When vectors are parallel, they appear to be overlapping if viewed from the direction they are pointing. If you suspect two vectors might be parallel, check if one is a simple multiple of the other using their components. If you cannot find such a scalar, they are not parallel. In the provided exercise, none of the vectors are parallel to each other. Recognizing parallel vectors is crucial in many fields, where proportional relationships between vectors are analyzed.
Dot Product
The dot product is an operation that takes two vectors and returns a single number, a scalar, which gives important information about the vectors' interaction.\[ \mathbf{a} \cdot \mathbf{b} = a_1b_1 + a_2b_2 + a_3b_3 \]
  • When the dot product is zero, the vectors are perpendicular.
  • If the dot product is positive, vectors point in more or less the same direction.
  • A negative dot product suggests the vectors point in opposite directions.
The dot product is not only useful for determining perpendicular vectors but also for finding angles between vectors and their projections. It is a building block for more advanced vector operations and has broad applications, such as in physics for calculating work done along a force direction.
Scalar Multiplication
Scalar multiplication involves multiplying a vector by a scalar (a single number).
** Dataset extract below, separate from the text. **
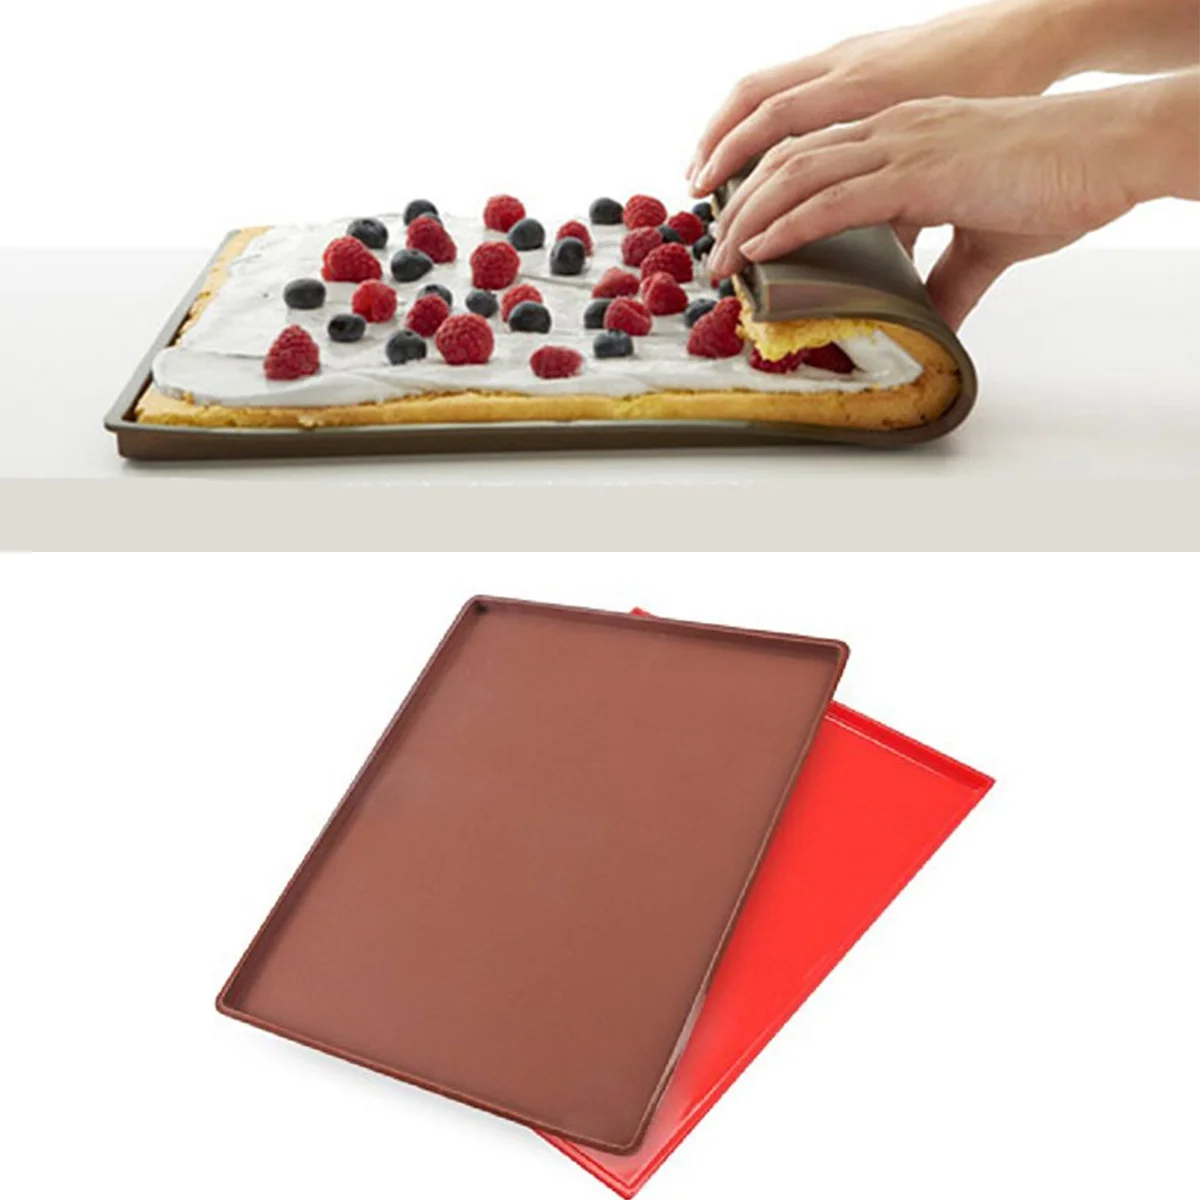 1 шт. антипригарная силиконовая подкладка для печки торт коврик для раскатки коврик для выпечки подкладка для торта рулон коврик для выпечки инструменты для выпечки Кухонные аксессуары

This operation scales the vector's magnitude without changing its direction.
  • If \( c \) is a scalar and \( \mathbf{a} \) is a vector, then \( c \mathbf{a} \) is a new vector obtained by multiplicating each component of \( \mathbf{a} \) by \( c \).
For example, if \( \mathbf{a} = 3\mathbf{i} + 4\mathbf{j} \) and we multiply it by 2, the resulting vector would be \( 6\mathbf{i} + 8\mathbf{j} \). Scalar multiplication is fundamental in determining parallel vectors and simplifies the description of vector relationships where proportional scaling is necessary, such as in graphical transformations and physics.